◆ **PROBLEM TO SOLVE**
In the material below, pictures must be dropped. Repeat exactly, and only, the lines from the line with "威力 XPB45-298 单筒小型迷你洗衣机 不锈钢洗衣桶 带甩干/脱水" to the line with "#Paris #graffiti photo", both ends included.

◆ **PROVIDED DATA**
<<<<

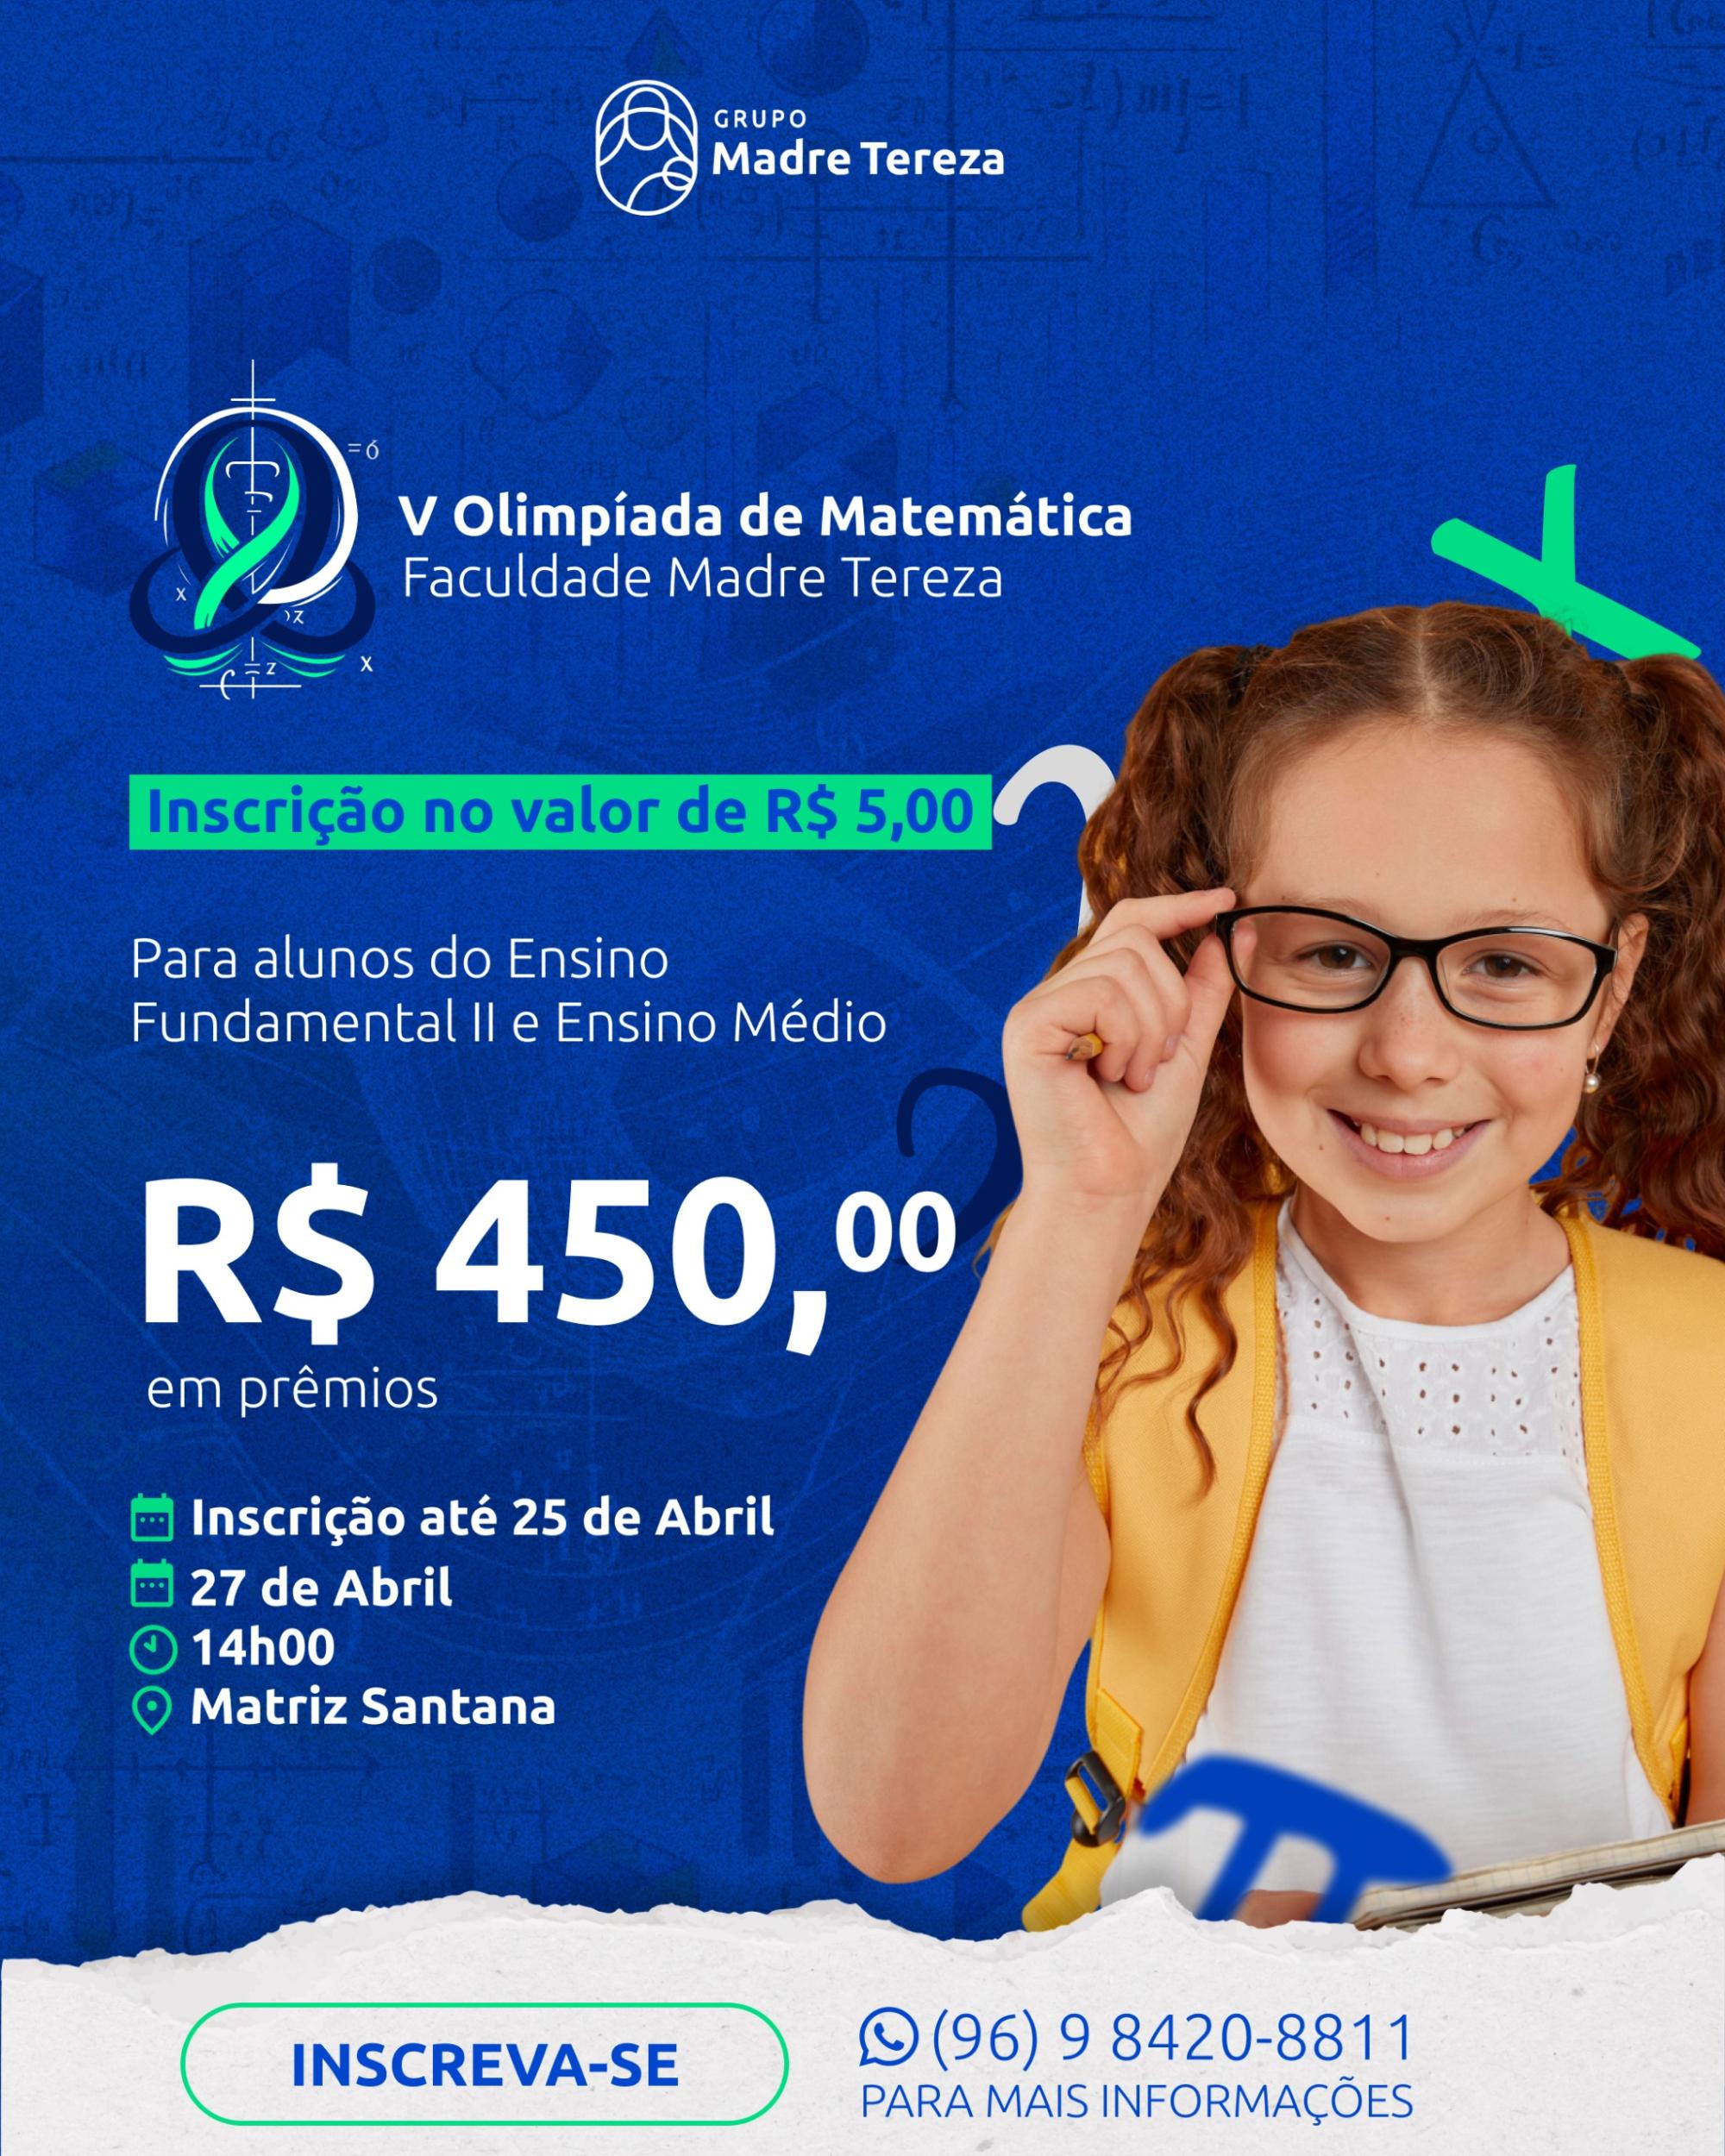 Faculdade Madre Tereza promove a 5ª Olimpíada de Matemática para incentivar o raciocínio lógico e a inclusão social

>>>>
<<<<

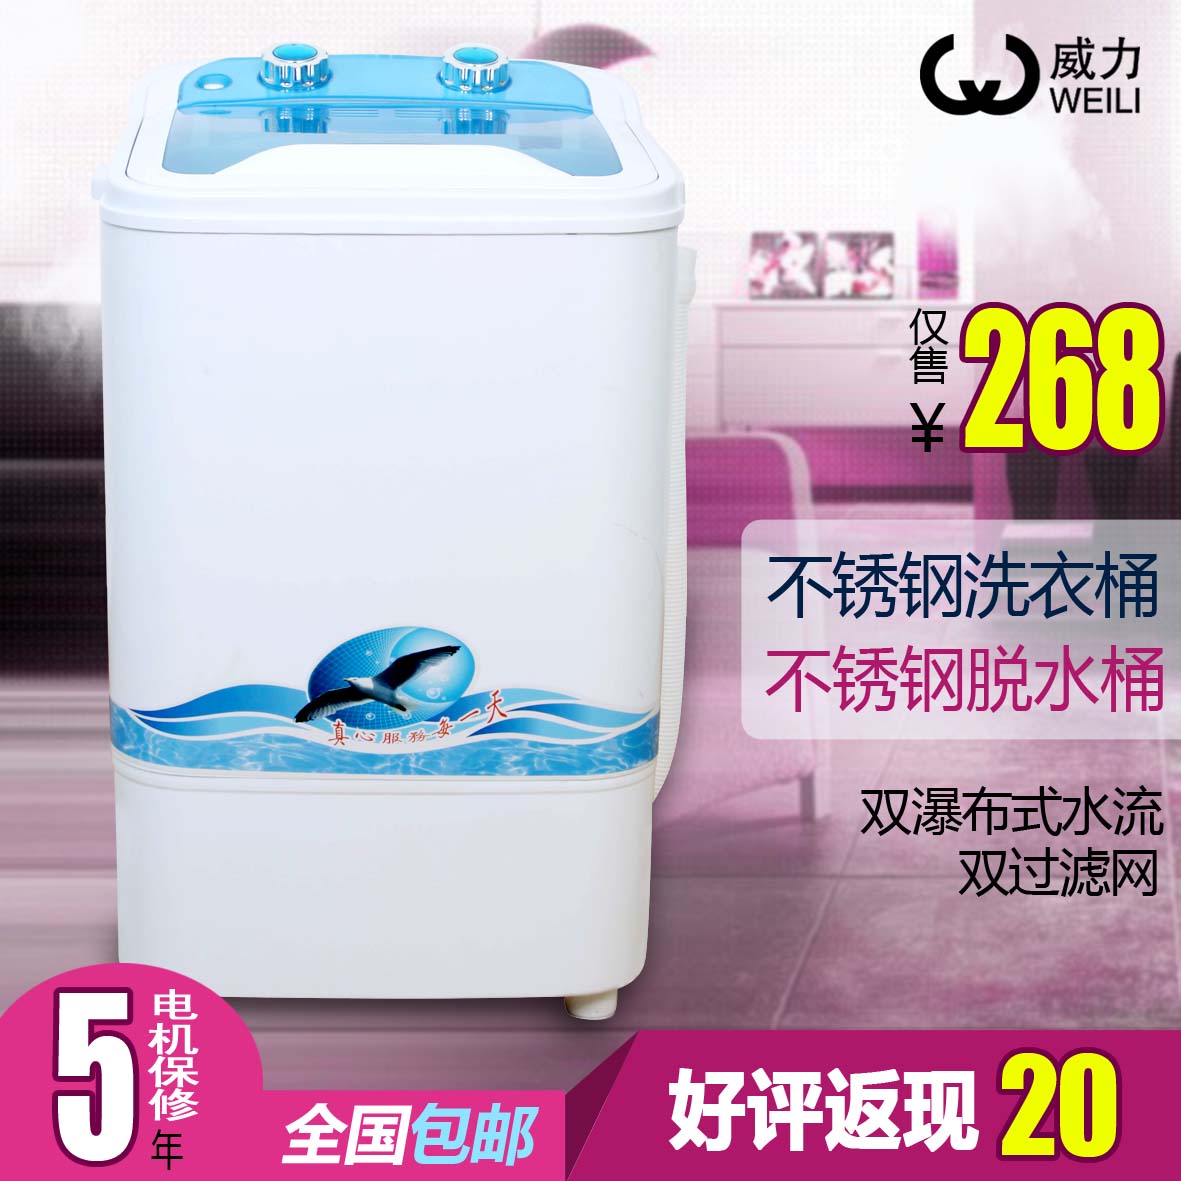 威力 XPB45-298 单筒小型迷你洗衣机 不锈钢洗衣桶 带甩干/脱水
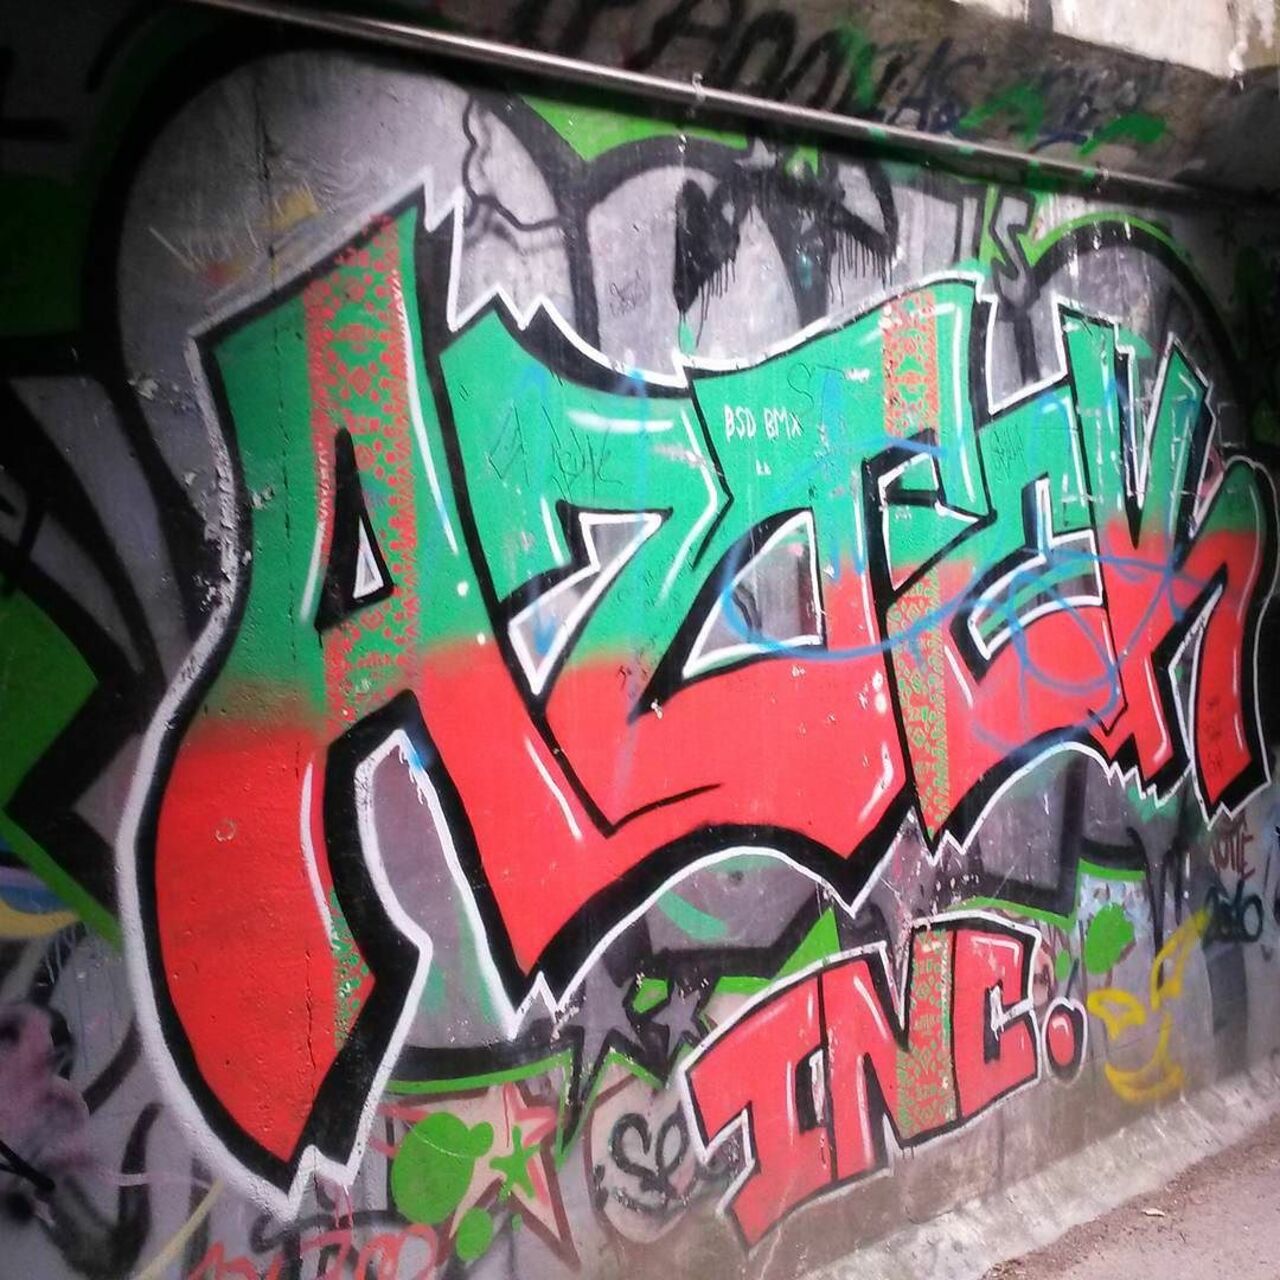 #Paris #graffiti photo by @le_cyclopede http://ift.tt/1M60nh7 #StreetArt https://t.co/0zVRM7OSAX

>>>>

◆ **PROBLEM SOLUTION**
 威力 XPB45-298 单筒小型迷你洗衣机 不锈钢洗衣桶 带甩干/脱水
 #Paris #graffiti photo by @le_cyclopede http://ift.tt/1M60nh7 #StreetArt https://t.co/0zVRM7OSAX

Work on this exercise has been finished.